In talking to the Warren at the show, Zapata is working to come up with a quantum computing cloud, which can be used to run quantum code on any of these quantum computers with the click of a button. Warren sounded like this was coming out soon.

Some of the Zapata Computing quantum programs they have developed for clients include: logistic simulations, materials design, chemistry simulations, etc.

Warren didn’t mention the cost of running on quantum computers but he said that some companies are more forthright with pricing than others. It seemed Rigetti had a published price list to use their systems but others seemed to want to negotiate price on a per use basis.

It seems only a matter of time before quantum computing becomes just like GPUs. Just another computational accelerator that works well for some workloads but not others. Zapata Computing and Orquestra are just steps along this path.

Cerebras

AI accelerator chips have also been a hot topic for us (see our posts on Google TPU, GraphCore’s system, and the Mythic’s and Syntiant’s AI accelerators). But none,. with the possible exception of GraphCore, has taken this on to quite the same level as Cerebras.

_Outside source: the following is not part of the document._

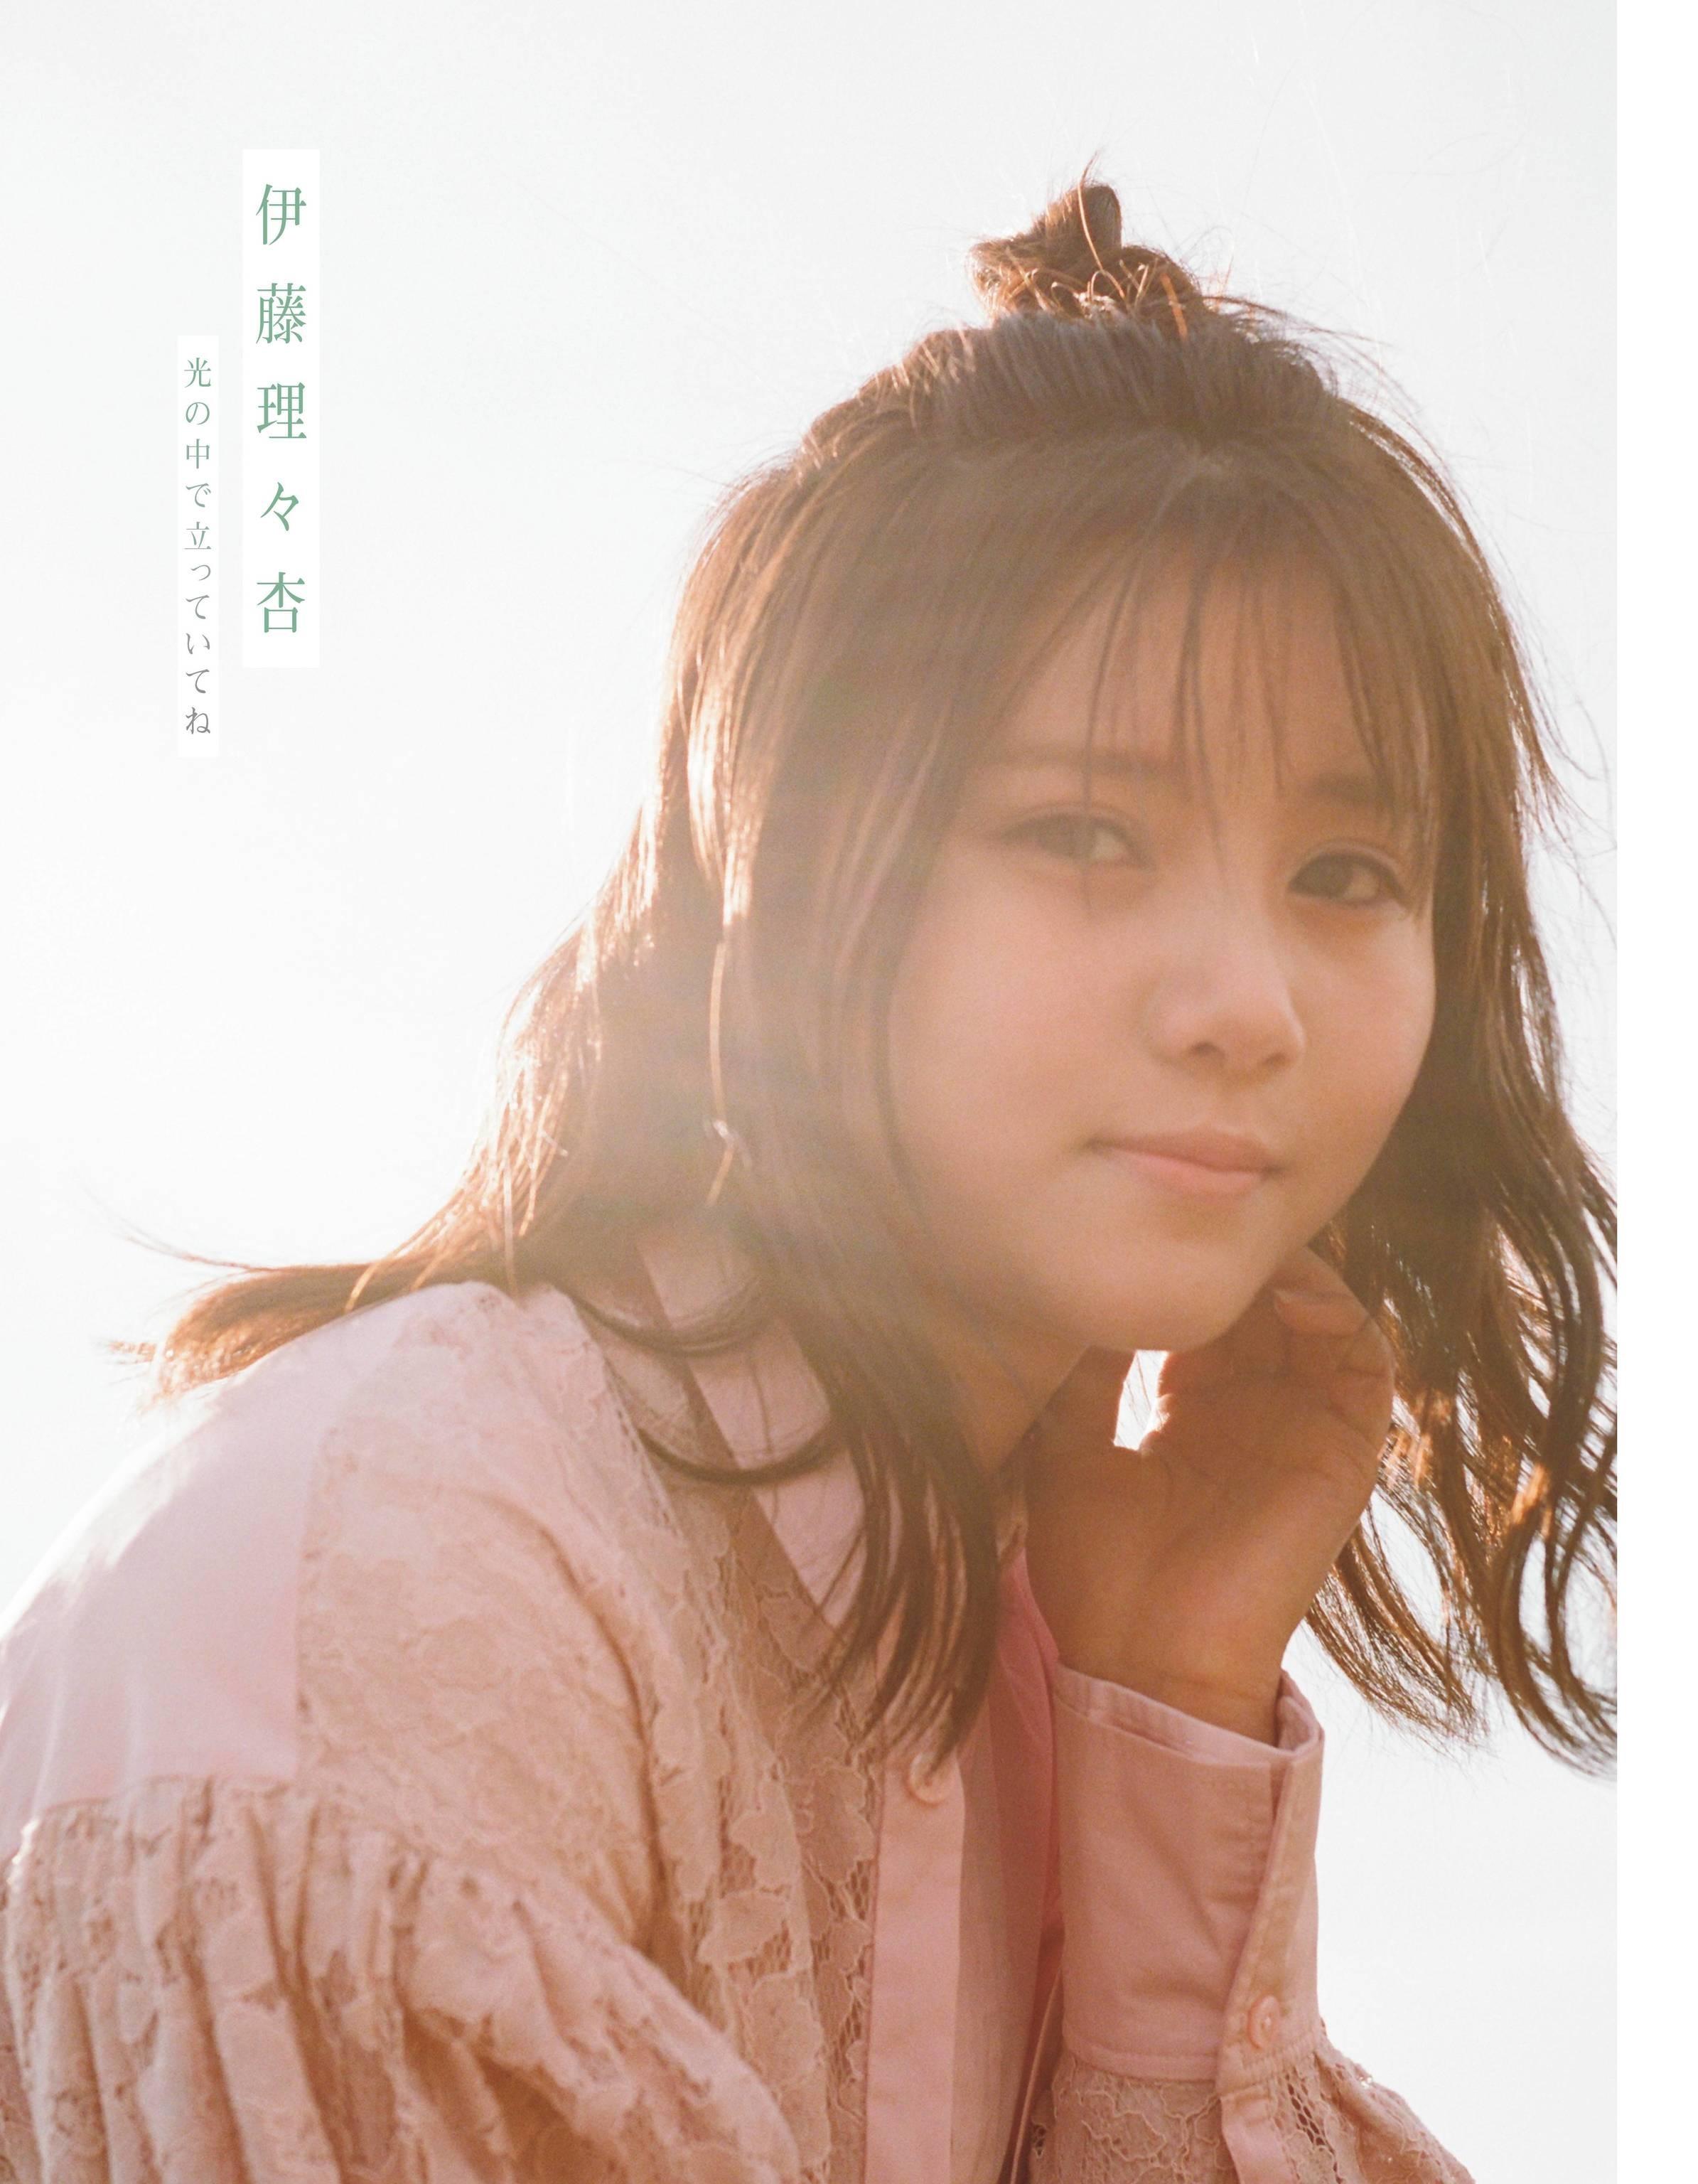 02-Riria Ito (2)

Cerebras offers a wafer scale chip that is embedded into their CS-1 system. The chip has 400K cores, 18GB of (very fast) SRAM (memory), 100Pb/sec (peta-bits or 10**15 bits per second) of bandwidth and draws ~20kW. Their CS-1 system fits in a standard rack taking up 15U of space.

The on-chip fabric is called SWARM which supports a 2D mesh. The SWARM mesh is entirely configurable, to support optimal neural network connectivity. I assume this means that any core can talk directly (with 0 hops) to any other core on the chip through a configuration setup.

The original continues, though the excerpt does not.